The Fault in Our Stars by John Green

Fault in Our Stars cover

At age twenty-two, John Green worked as a student chaplain in a children’s hospital.

Let’s take a moment and consider all the implications of that, and why he is making a colossal understatement when he described the experience as “devastating.” That was about twelve years ago, and Green has said in interviews that because of this experience, he’s spent twelve years trying to write a book about kids with cancer – not poster children of strength and courage and illness-granted wisdom, but real kids and their families and friends who have to cope with the fact that they will die young.

All novels are personal, but Green’s novels seem, to me, to be especially so. But this one is personal in a different way. With this novel, Green isn’t trying to exorcize the memory of the girl who stomped on his heart in high school. This goes deeper than high school romance and Manic Pixie Dream Girl angst. This is about life, death, illness, love, heroism, and how a sixteen-year-old is supposed to deal with the fact that she will die and leave everyone she loves behind. Maybe it’s just because I’ve been watching vlogbrothers videos for five years and feel like I’m actually acquainted with John Green, but this is the most deeply personal novel I’ve ever read.

This is not, as Hazel Lancaster might say, a Cancer Book. None of the cancer patients in this story have a wisdom beyond their years, and they do not stoically accept the fact that they will die or fight heroically. Hazel Lancaster, a terminal sixteen-year-old who has to carry an oxygen tank everywhere because “my lungs suck at being lungs” is refreshingly real – not manic, not a pixie, not a dream girl. She reads Great Books and watches America’s Next Top Model marathons. Augustus Waters, her amputee friend, wants desperately to leave a lasting impression on the world and philosophizes about heroism, and his favorite book is a novelization of a video game. (can I say how much I love that an author can establish a character’s intelligence without just telling us that they love reading Austen yes Stephenie Meyer I’m looking at you) Everything here is real, especially the diseases. There isn’t any bullshit about dying gracefully here, because cancer is ugly and unpleasant, and Green makes you feel the pain of Hazel’s lungs struggling to breathe and the headaches, and he makes you see the vomit and the urine. (Remember how in A Walk to Remember, Mandy Moore has been secretly dying of leukemia the whole time but looks great even on her deathbed? Nicholas Sparks can fuck right off for that insult to real cancer patients) Most importantly, Hazel and Augustus are not defined by their cancer. It consumes their lives, but it doesn’t define them. On every page, it’s clear: this is a story told by someone who hasn’t known just one person with cancer, but has seen a multitude of children with terminal diseases, and has tried to find some way to comfort them and their families.

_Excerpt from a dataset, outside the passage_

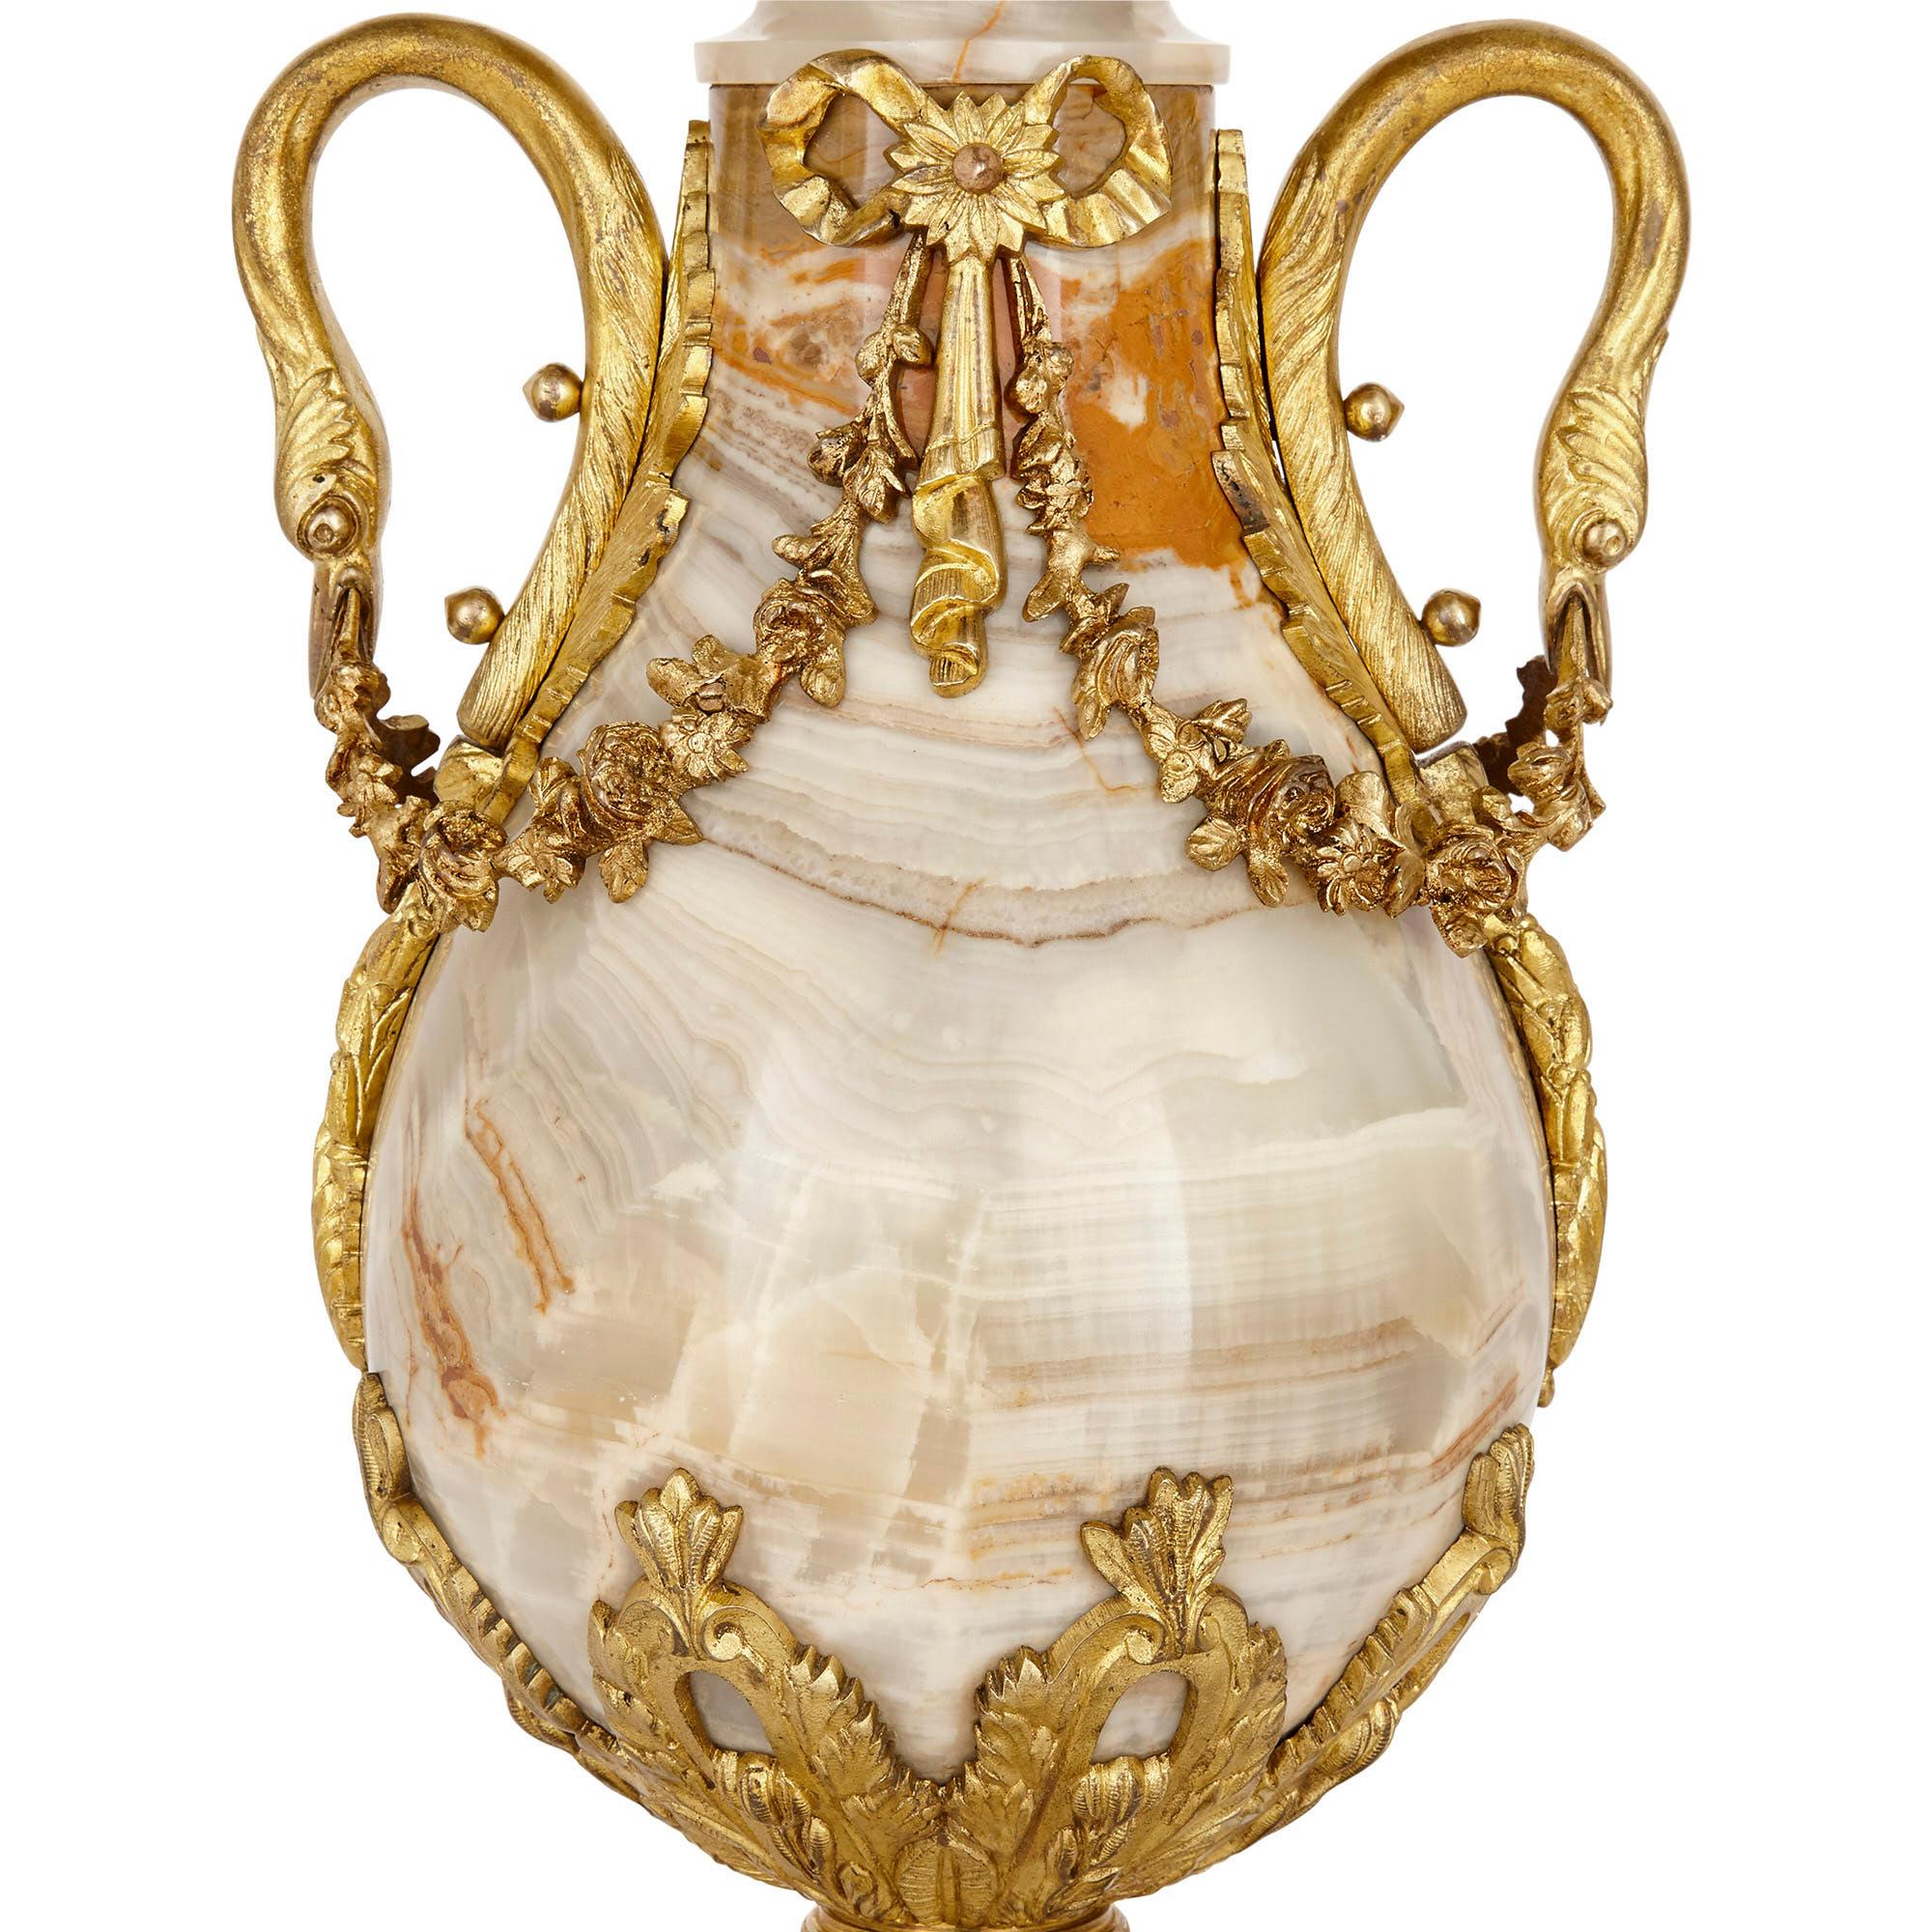 French Pair of Neoclassical Style Onyx and Gilt Bronze Vases

It’s for that reason that I don’t feel like I can review this like a normal book. John Green didn’t write this story for me, and so I don’t feel like I have any place saying that it’s amazing and beautiful and heartbreaking. And I certainly can’t criticize any of its faults. All I can say, really, is that you have to read this for yourself, and go from there.

Okay, you guys know me better than that. I have one big complaint, which I will describe here, and all I ask is that you remember that I still gave this five stars.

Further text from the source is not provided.